Il a évoqué aussi "la misère sociale" à laquelle "s'additionnent les discriminations quotidiennes parce que l'on n'a pas le bon nom de famille, la bonne couleur de peau, ou bien parce que l'on est une femme".

Combat contre les inégalités

Après ce constat, le Premier ministre a affirmé vouloir défendre la "citoyenneté" plutôt que l’"intégration". "Cette citoyenneté - ne parlons pas d'intégration, oublions les mots qui ne veulent plus rien dire - nous le sentons bien, [...] a besoin d'être refondée, renforcée, relégitimée."

La lutte "avec acharnement" contre les inégalités, "est au cœur de cet enjeu fondamental qu'est la citoyenneté. C'est-à-dire ce sentiment d'appartenir à une même nation, d'avoir un destin commun, d'avoir les mêmes droits et les mêmes devoirs", a déclaré le Premier ministre.

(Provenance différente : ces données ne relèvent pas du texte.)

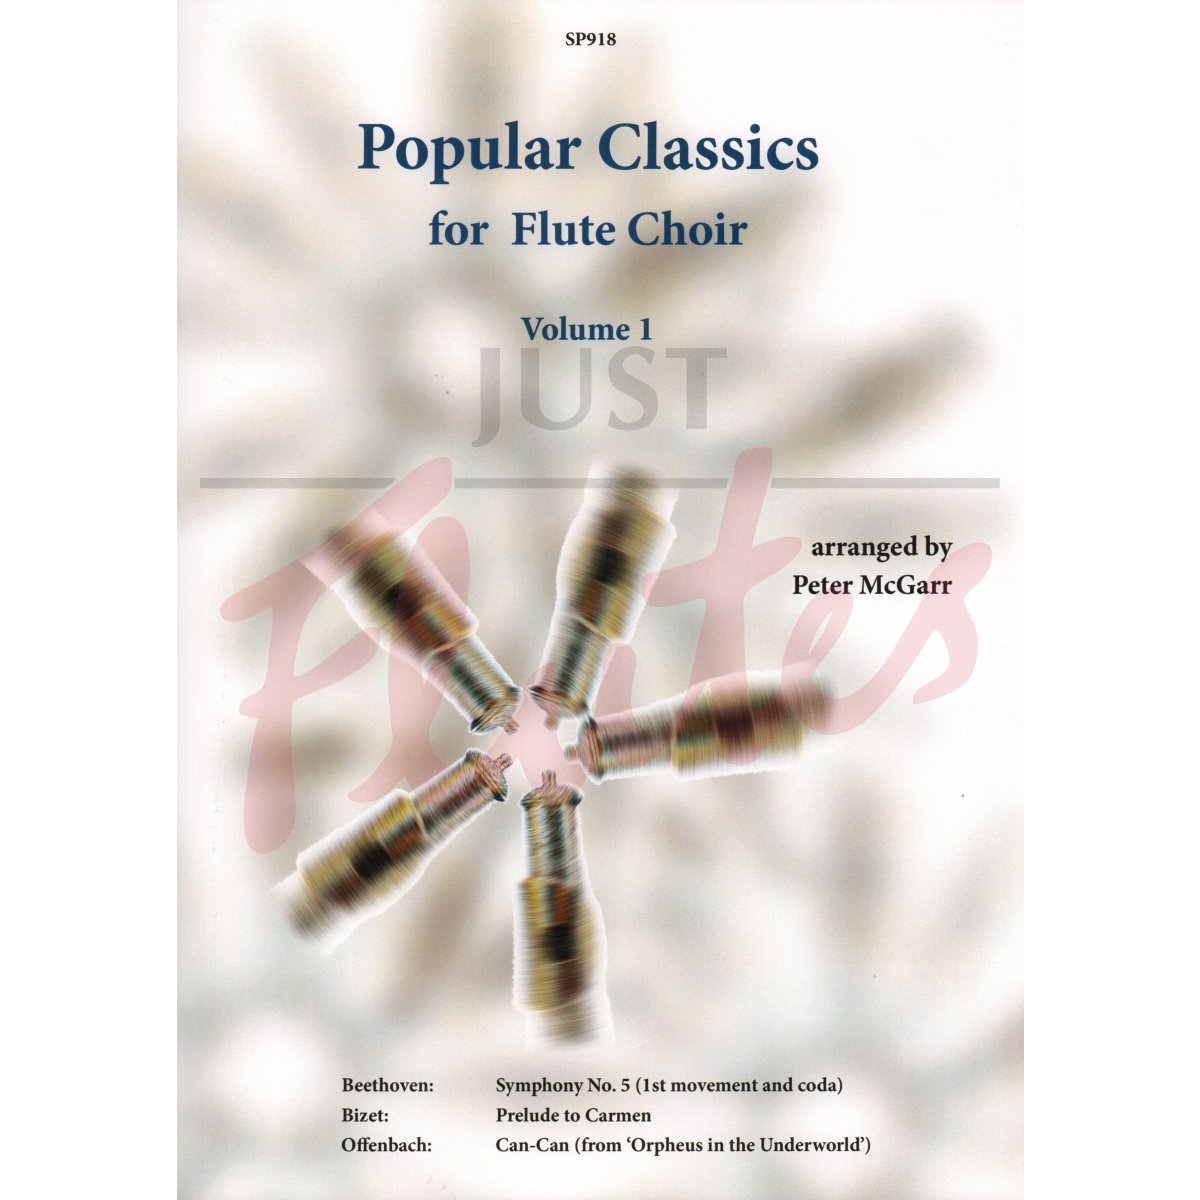 Popular Classics for Flute Choir

Ce genre de discours n’est pas nouveau chez Manuel Valls. Dans un livre d'entretiens avec Virgine Malabard, intitulé "La laïcité en face" et publié en 2005, le Premier ministre, alors député de l'Essonne, avait évoqué différents types de ségrégation, affirmant : "J'ai même parfois parlé d'apartheid, car c'est vraiment le sentiment que l'on peut avoir dans certains endroits."